Sammy is a very handsome little guy. Welcome to the forum.


----------



## irnfit (Nov 21, 2006)

Sammy is a cutie. Looks like he's a chocolate with his little brown nose.


----------



## Sheri (Oct 11, 2008)

Welcome, little Sammy.


----------



## Poornima (Jun 29, 2007)

Sammy is very cute.


----------



## pjewel (Apr 11, 2007)

I do love my chocolate. He's a cutie. Enjoy his puppyhood, it goes by sooooo fast.


----------



## Metchosin (Jun 29, 2009)

I love the chocolate nose, too! Very beautiful boy indeed. And, that pink toy looks like it will be a favorite.


----------



## lfung5 (Jun 30, 2007)

Oh, what a cutie! I love the chocolates!!


----------



## kudo2u (Mar 7, 2009)

He is adorable!!!

Have you spoken with the vet about his eating habits yet? Curious to know what they said.
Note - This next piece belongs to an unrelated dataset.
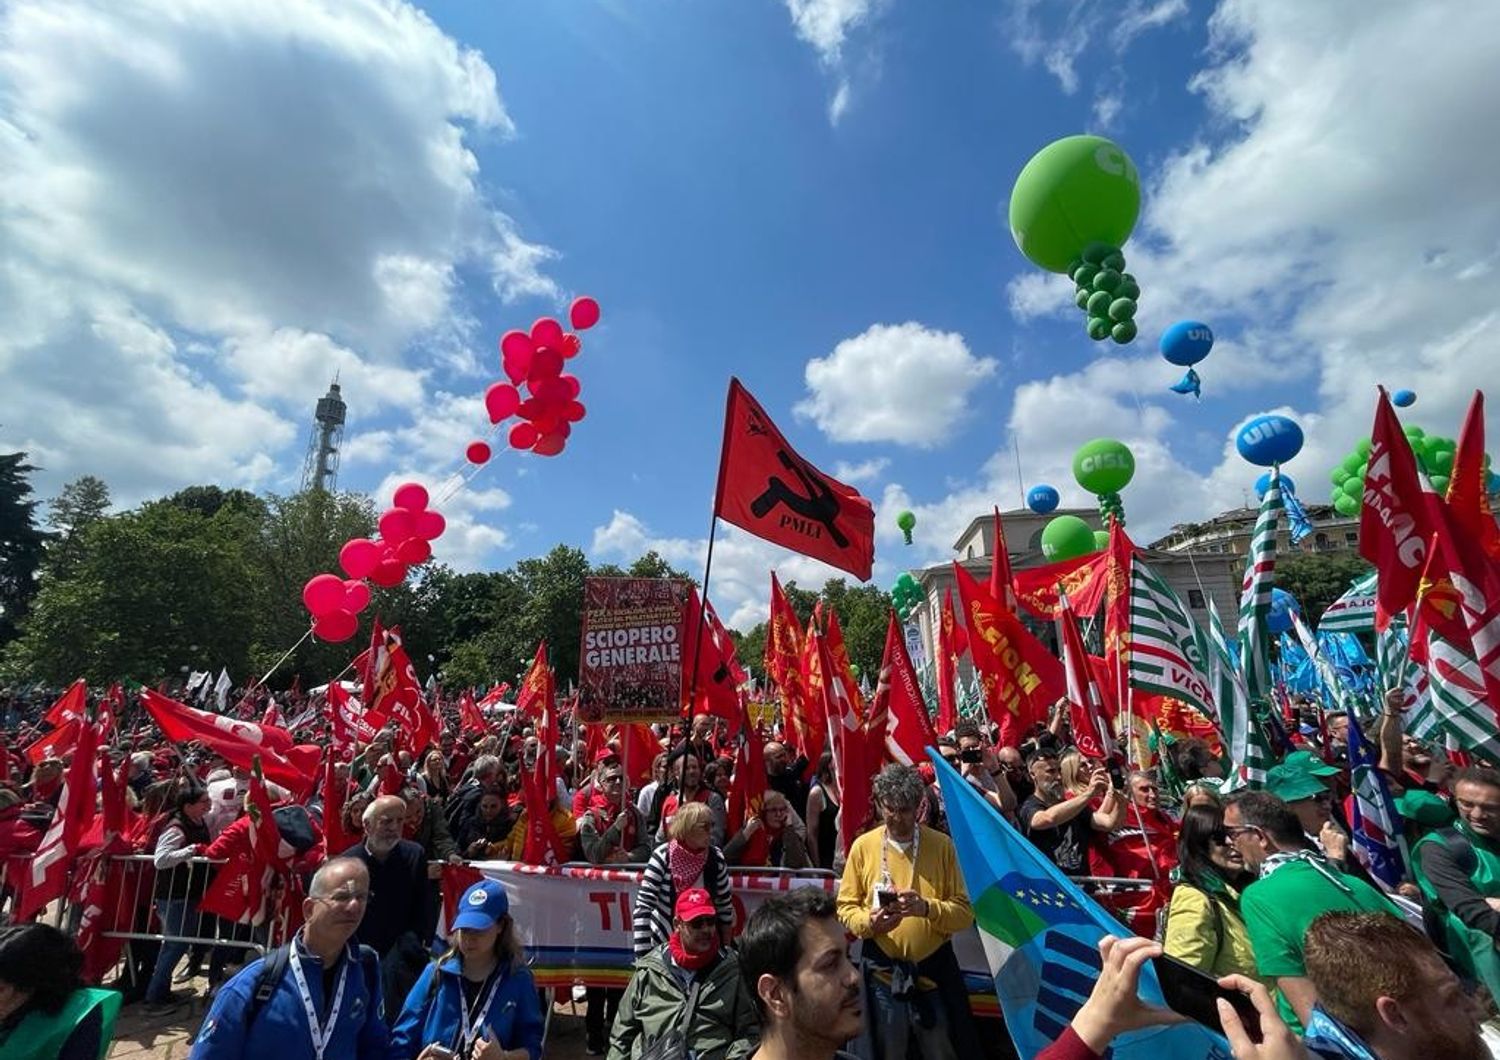 sindacati a milano in piazza contro lavoro precarizzato

Although it's difficult to tell in a few photos, I would say you have nothing to worry about. He looks beautiful and healthy to me!


----------



## MarkF (Nov 9, 2009)

We go to the vet tomorrow so we'll check his weight and see what's up. My guess is that my expectations were too great. We dropped thins down to 1/4 cup in the morning and evening plus a bit of canned food and he is finishing up most of his food. 

Next challenges are grooming (ears and nails) and training (we start on 12/8).


----------



## mellowbo (Aug 12, 2007)

Aww Mark, enjoy your little chocolate baby! Where did you get him?
Carole


----------



## MarkF (Nov 9, 2009)

maybe not the best place - it was a backyard breeder


----------



## mellowbo (Aug 12, 2007)

That's too bad but he's a sweet loving little beating heart and I know you will love and care for him forever!!! That is what really counts.
Carole


----------



## Havanase100 (Sep 16, 2009)

Does he look like a shav to anyone else?


----------



## MarkF (Nov 9, 2009)

I did some more research and it seems that most of Sammy's blood line is from a Kennel run by Juanita Kimbrough, he has a bunch of Maxanita' in his blood line.
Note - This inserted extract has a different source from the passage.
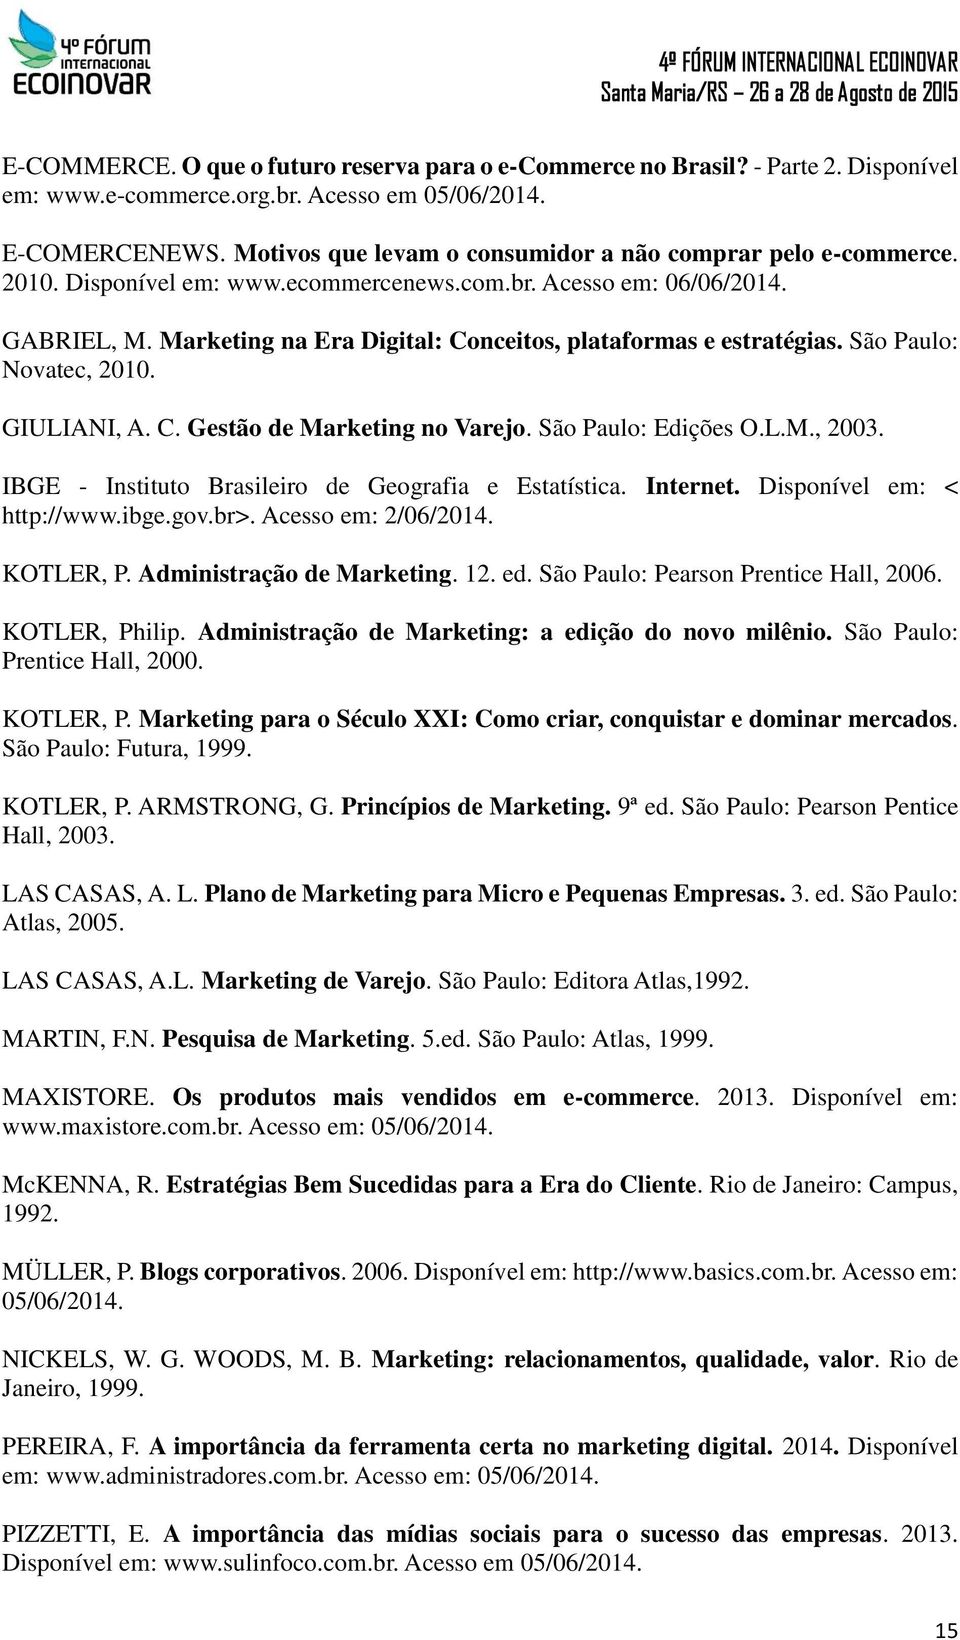 Marketing na Era Digital: Conceitos, plataformas e estratégias. São Paulo: Novatec, 2010. GIULIANI, A. C. Gestão de Marketing no Varejo. São Paulo: Edições O.L.M., 2003.

Maxanita's Master Jasper is the Sire, son of CH Alszegi Villam Bosco & Catalina of Maxanita. On the Dam side it was Terry's Little Red Missy daughter of Maxanita's Chocolate Charlie & Steele's Lady Chloe. 

Anyone familiar with any of these dogs or Kennels?


----------



## waybrook (Sep 13, 2009)

He's a cutie - congratulations on becoming a new dad!


----------



## murphymoesmamma (Apr 1, 2009)

Sammy is a sweetie!


----------



## mellowbo (Aug 12, 2007)

Sorry, I'm not familiar with any of those names. But then, I'm not familiar with many names at all, lol.
Carole


----------



## JeanMarie (Mar 2, 2008)

What a darling boy! Congrats on your new baby.


----------



## marjrc (Jan 13, 2007)

Welcome Mark and Sammy! I'm quite late here, but never did see your thread. I also have a Sammy.  Your boy is a cutie!

I looked at the Hungarian havanese Gallery and found nothing, though that doesn't mean much if the breeder(s) didn't post their information there. You can check it out if you like - http://www.havanesegallery.hu/index_en.php

Havanese100 wrote: *"Does he look like a shav to anyone else?"*
*** No, Sammy doesn't look like a Shavanese at all ! "Shavs" are short-haired Havanese and they are short all over their body, head, torso, everywhere. That isnt' the case with Sammy who has a lush coat on his body.


----------



## SMARTY (Apr 19, 2007)

Sammy is a very cute puppy. Thanks for sharing his pictures. My Smarty's dam is Hungarian the kennel name is Popovdombi, but most of this line is A Maiden Effort’s No Nonsense and Ungaro.


----------



## psvzum (Jun 11, 2009)

Absolutely beautiful little guy!


----------



## imamurph (Apr 15, 2008)




----------